Huffman coding is a lossless data compression algorithm that assigns variable-length codes to input characters, with shorter codes assigned to more frequent characters. This results in an overall reduction in file size while preserving all original information.
This Java-based application provides a GUI interface to perform Huffman compression and extraction on any file type. The user can compress any file into a custom .huff format, and later extract the original content using the embedded metadata and Huffman decoding logic.
- Universal File Support: Compresses and extracts any file format by handling binary data
directly.
- Custom File Format: Encoded files use the .huff extension and include headers for accurate
decompression.
- Embedded Metadata: Stores file extension, padding information, and a complete byte frequency table
in the output file.
- Progress Feedback: Uses a JProgressBar to provide visual feedback during long
operations.
- Navigation Panel: Provides a switchable interface between Compress and Extract views
using a clean tab-like design.
- Frequency Table Creation: Each byte (0–255) is counted using
HuffmanEncoder.buildFrequencyTable() to determine its frequency in the file.

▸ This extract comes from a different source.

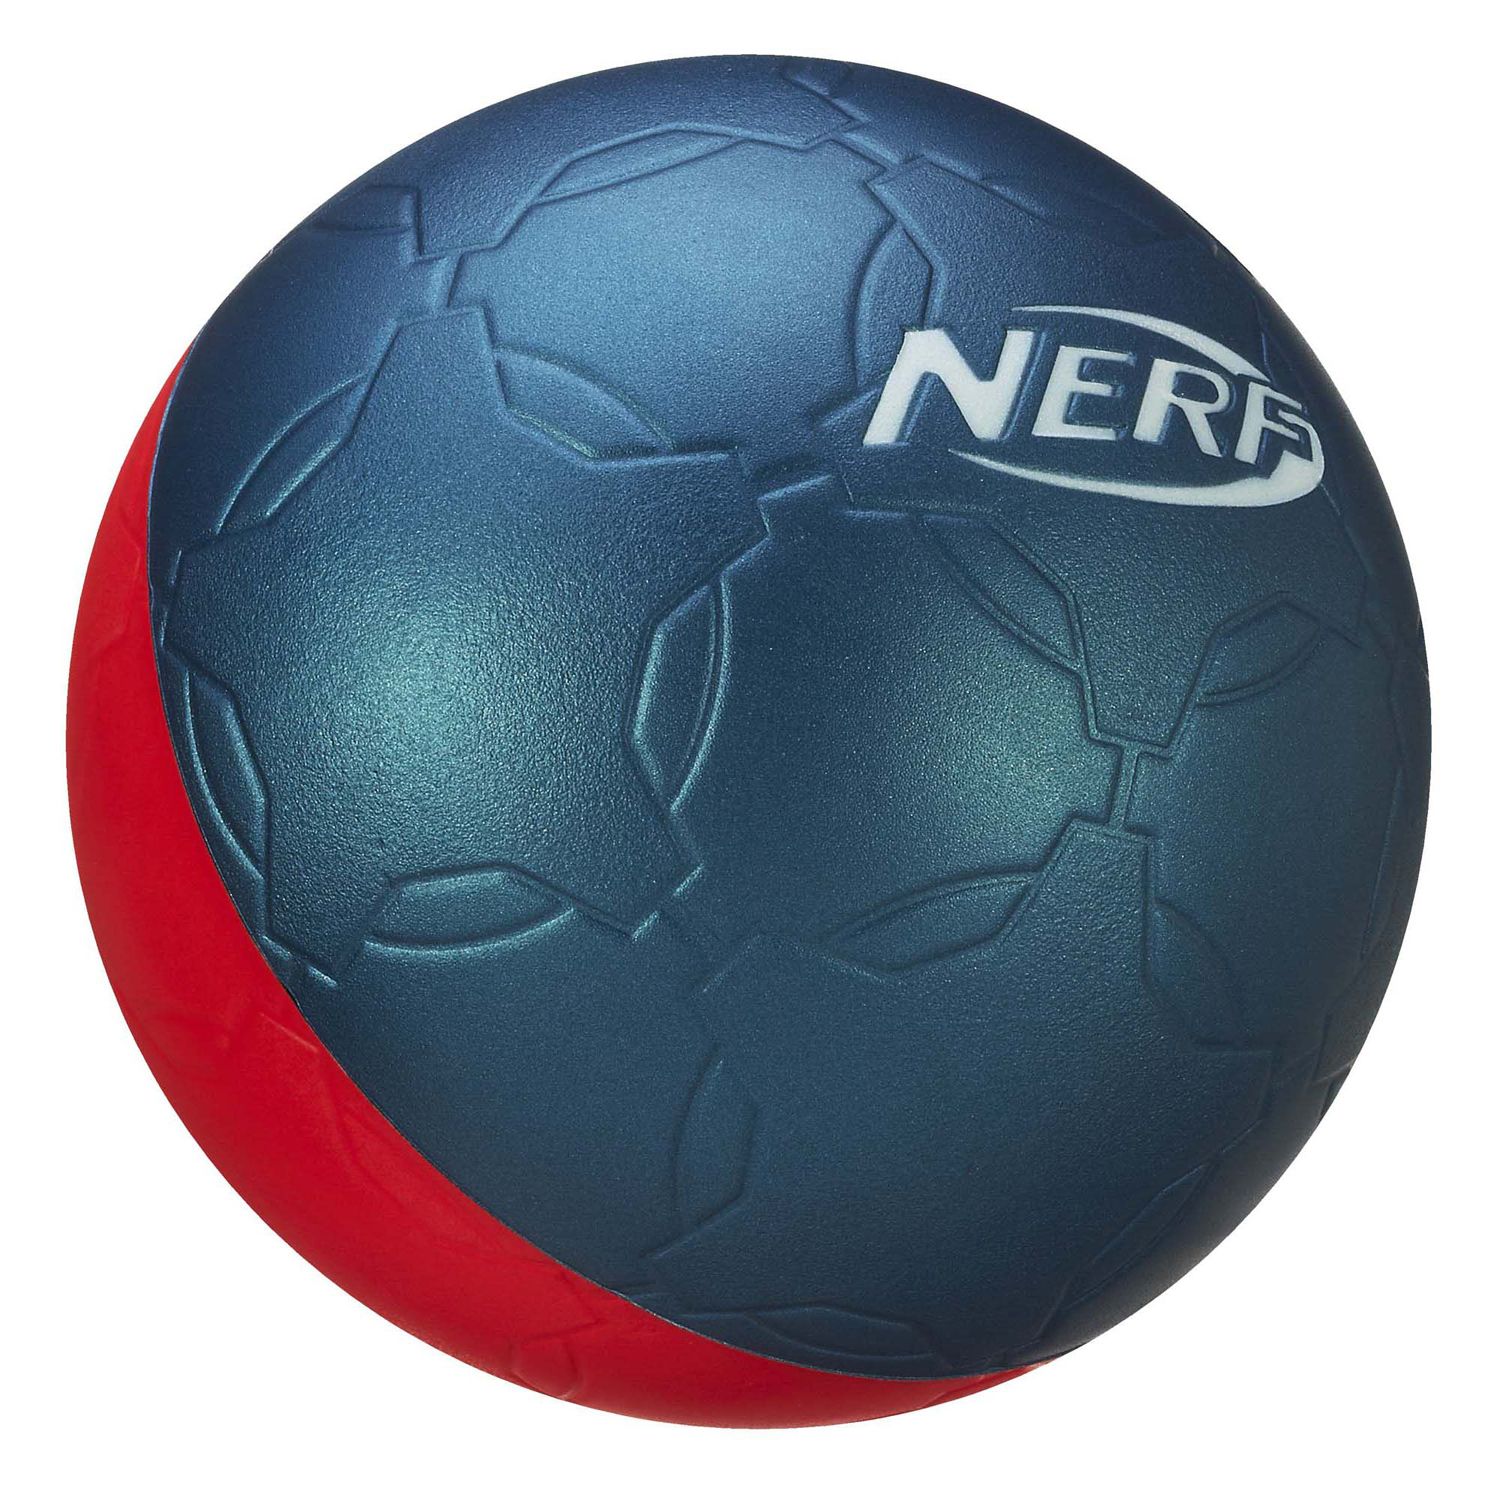 Nerf Pro Foam Soccer Ball by Hasbro

- Huffman Tree Generation: A binary tree is built using a priority queue where nodes with
lower frequency have higher priority. Ties are broken lexicographically.
- Code Generation: A recursive traversal generates a binary code for each byte, stored in a
HashMap<Byte, String>.
- Encoding: The original file is re-encoded using these binary codes and written using
BitOutputStream, which handles individual bit-level writing.
- Header Writing: Metadata such as file extension, frequency table, and padding are prepended using
HuffmanEncoder.writeHuffFile().
Each byte (0–255) is treated like
a "symbol". We count how many times each byte appears in the file (its frequency).
Each byte
becomes
a leaf node in a binary tree. All leaf nodes go into a priority queue (a special kind of queue
that gives you the smallest thing first).
Nodes with lower frequencies are more important
here—they
get processed first. If two nodes have the same frequency, the one with the lower byte value
(lexicographical order) goes first. This is how ties are broken.
We build the tree from the
bottom
up: Pull out the two smallest nodes, combine them into a new node whose frequency is the sum of both,
put the new node back in the queue. Repeat until only one node is left—this is the root of the
Huffman tree.
We walk the tree: Going left adds a '0' to the code, going
right adds a '1'. Once we reach a leaf node (i.e., a symbol), we record the code string
we built along the way in a map. The final result: a HashMap<Byte, String> where each
byte has its unique binary code.
- Header Reading: The decoder reads the file extension, padding value, and frequency table using
HuffmanDecoder.readHeader().
- Tree Reconstruction: The same Huffman tree is rebuilt from the frequency table.
- Bit-by-Bit Decoding: Using BitInputStream, each bit from the encoded file is read and
navigated through the Huffman tree until a leaf (byte value) is reached.
- File Output: The decoded bytes are written to a new file with the original extension, restoring the
exact original file.
Compressing a PDF file
Extracting a compressed file
Comparing file sizes before and after compression.
The original and extracted files have the same size,
while the compressed .huff file is smaller
- Bit-Level I/O: The BitInputStream and BitOutputStream classes enable precise reading
and writing of individual bits, which is essential for Huffman coding.
- Custom Nodes: The HuffmanNode class represents tree nodes and implements Comparable
to support min-heap ordering.
- Panel Switching: HuffmanCodec acts as the main controller and swaps between
CompressionPanel and ExtractionPanel via the NavBar.
- Threaded Execution: Compression and extraction run in background threads to keep the GUI
responsive, and use SwingUtilities.invokeLater() to update the UI.